Para el joven Escrivá, la preservación de los pilares de la Iglesia Católica dependían del poder que ésta pudiese concentrar: poder político, económico, militar y educativo. Si la Iglesia actuaba con energía en esos cuatro círculos, el reinado de Cristo estaba asegurado.
Así, el sacerdote aragonés se encolumnaba en la prédica de los grupos católicos ultramontanos del siglo XIX, para los cuales el laicismo y cualquier forma de gobierno en el que la Iglesia no ocupara un lugar determinante debían ser combatidos.
El Concilio Vaticano I, convocado en 1869 por el papa Pío IX, al que adhieren los integristas católicos, aprobó como dogma de fe la “infalibilidad papal”, según la cual el Papa está preservado de cometer errores ya que es asistido por Dios en cada una de sus decisiones. De tal manera, la relaciones políticas entre los hombres, la organización de la sociedad y, desde luego, la religión deberían caer bajo la égida de la Iglesia Católica, la única que cuenta con el saber divino, encarnado en el Papa.
Para eso había viajado Escrivá de Balaguer a Madrid.

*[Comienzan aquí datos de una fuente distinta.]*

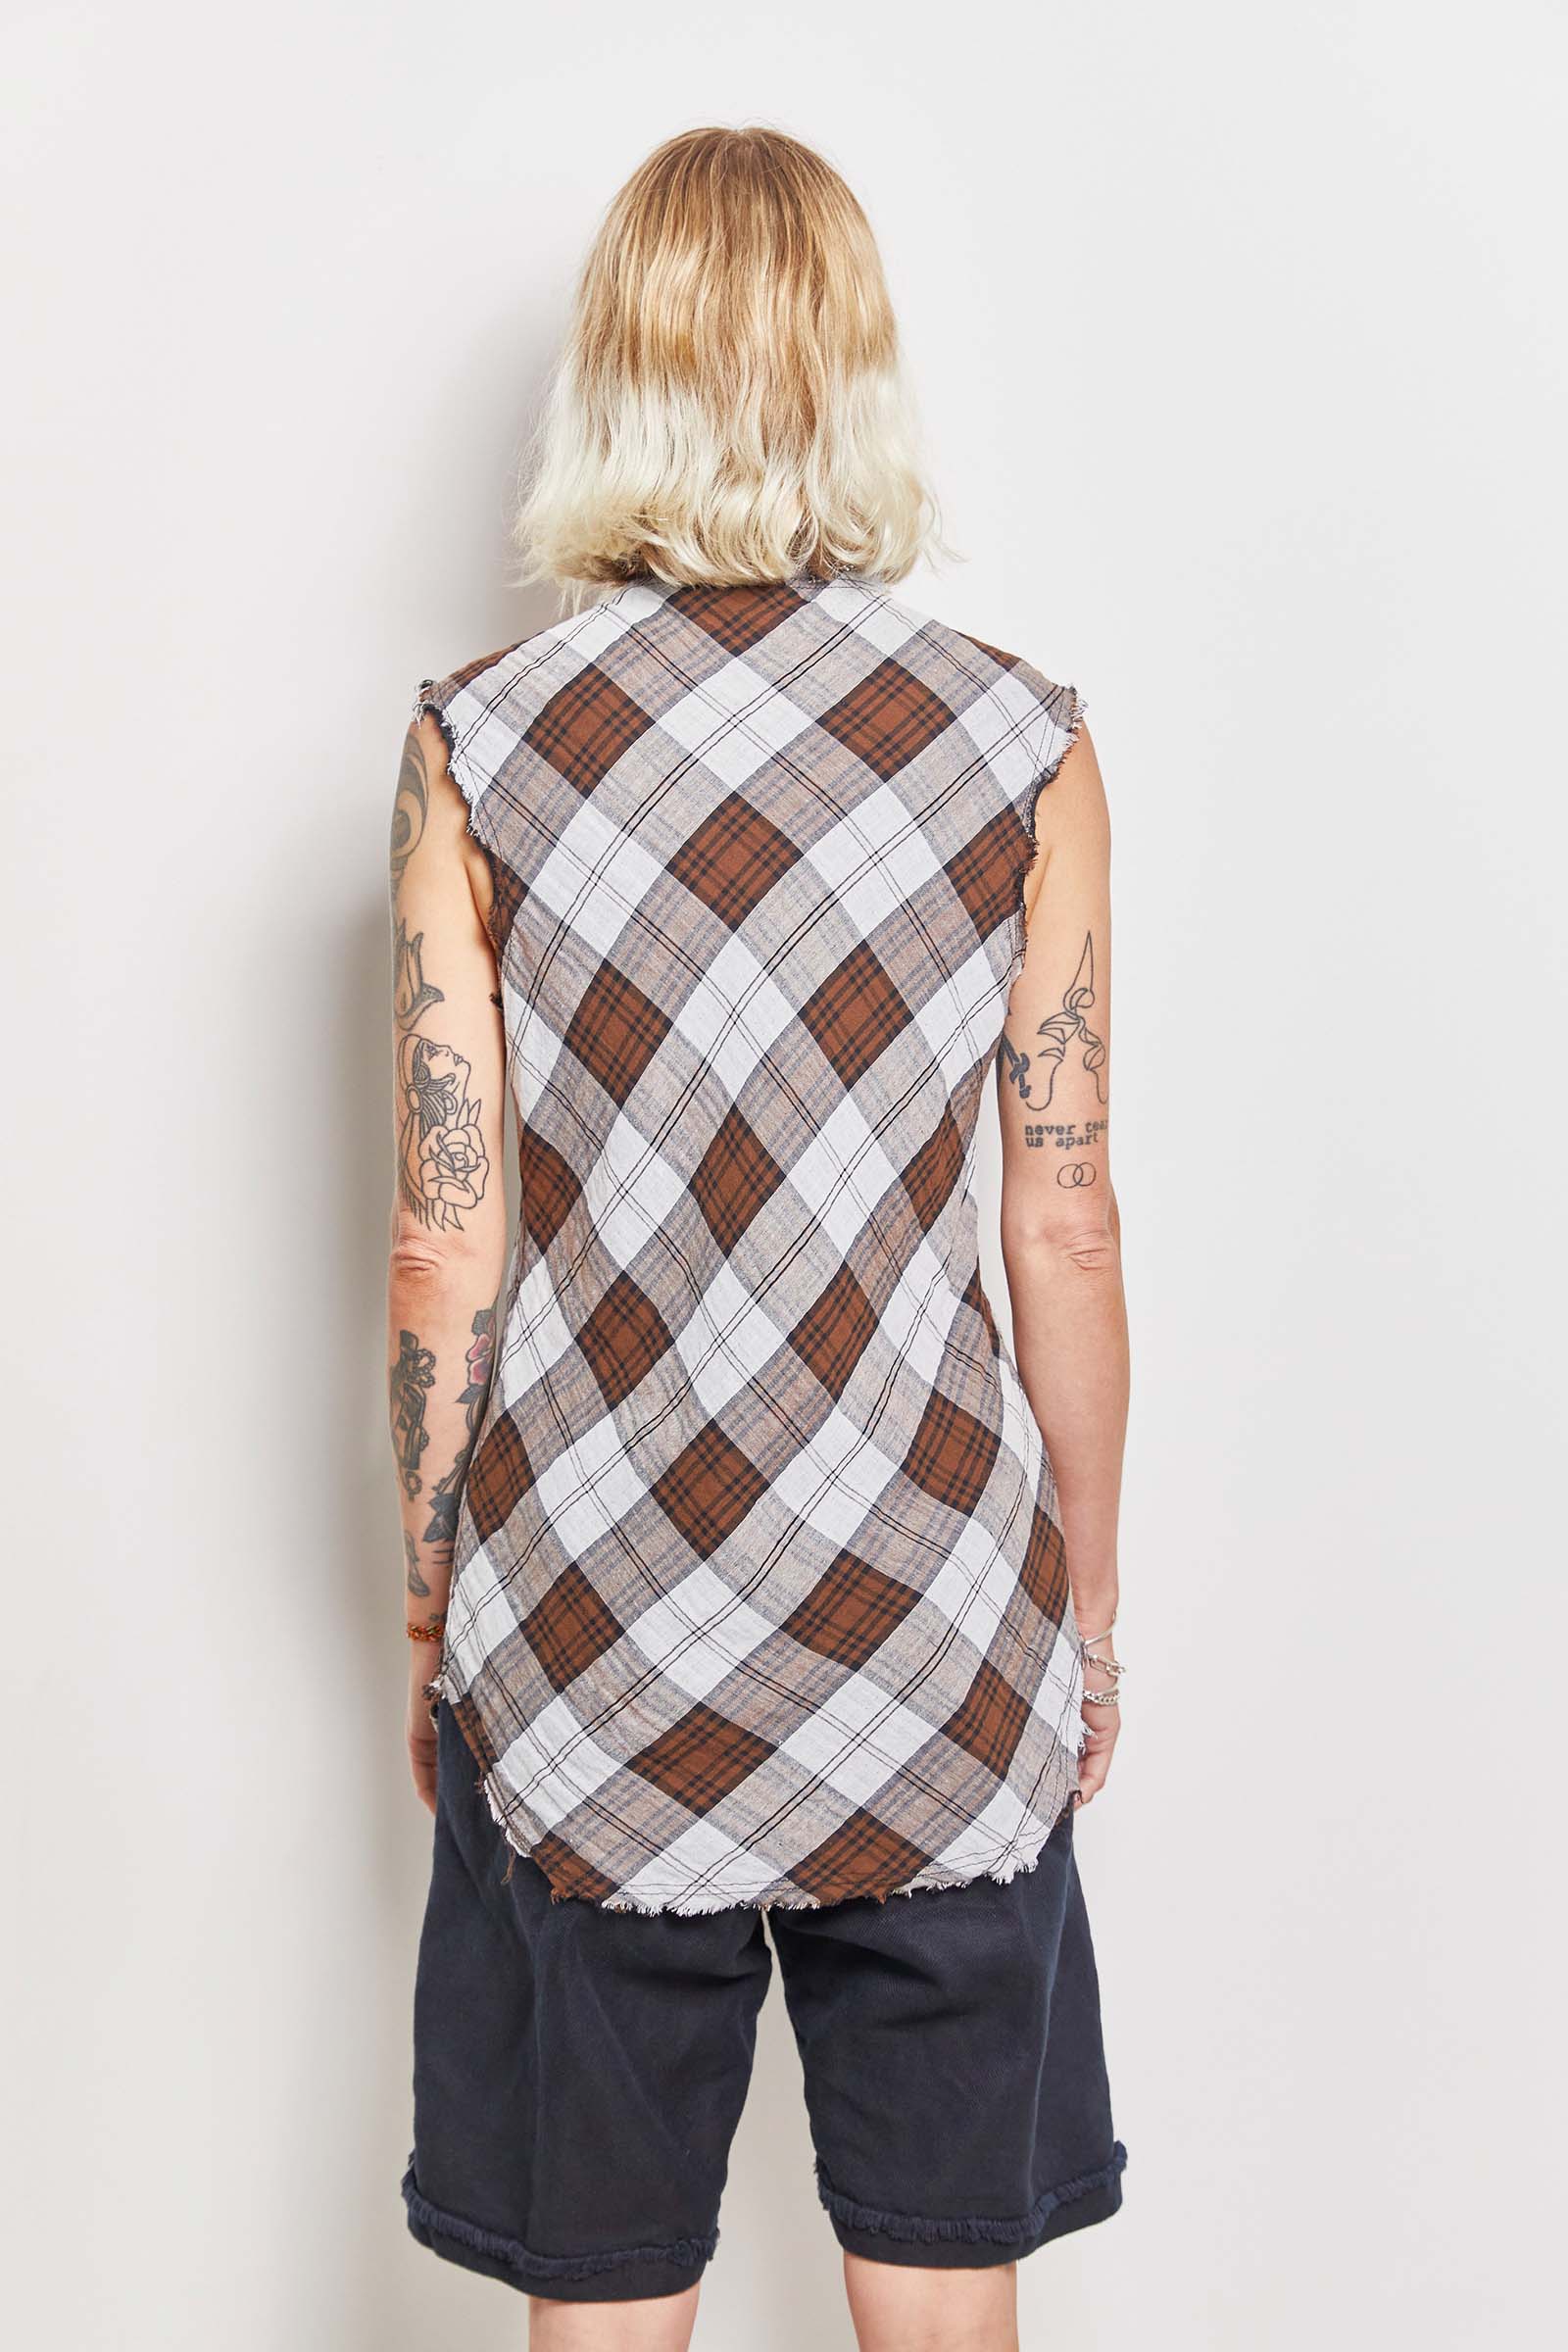 byfreer rusty chocolate check top.

Para convocar, según afirmaría luego el propio sacerdote, a empresarios, artistas, obreros, intelectuales y nobles a sumarse a la labor que Dios le había pedido que llevara adelante (“Recibí la iluminación sobre toda la Obra”). Aquello era un llamado a todos los hombres del mundo a perseguir la santidad mediante el trabajo, las mortificaciones, la oración y el ejercicio del poder con fines altos. Quienes emprendieran ese camino, lo harían dentro de las normas que, a partir del 2 de octubre de 1928, dictaría el Opus Dei, o sea, la Obra de Dios, o sea: Josemaría Escrivá de Balaguer, quien dejó por escrito:
“Conviene que conozcas esta doctrina segura: el espíritu propio es mal consejero, mal piloto para dirigir el alma en las borrascas y tempestades, entre los escollos de la vida interior. Por eso es Voluntad de Dios que la dirección de la nave la lleve un Maestro, para que, con su luz y conocimiento, nos conduzca a puerto seguro”.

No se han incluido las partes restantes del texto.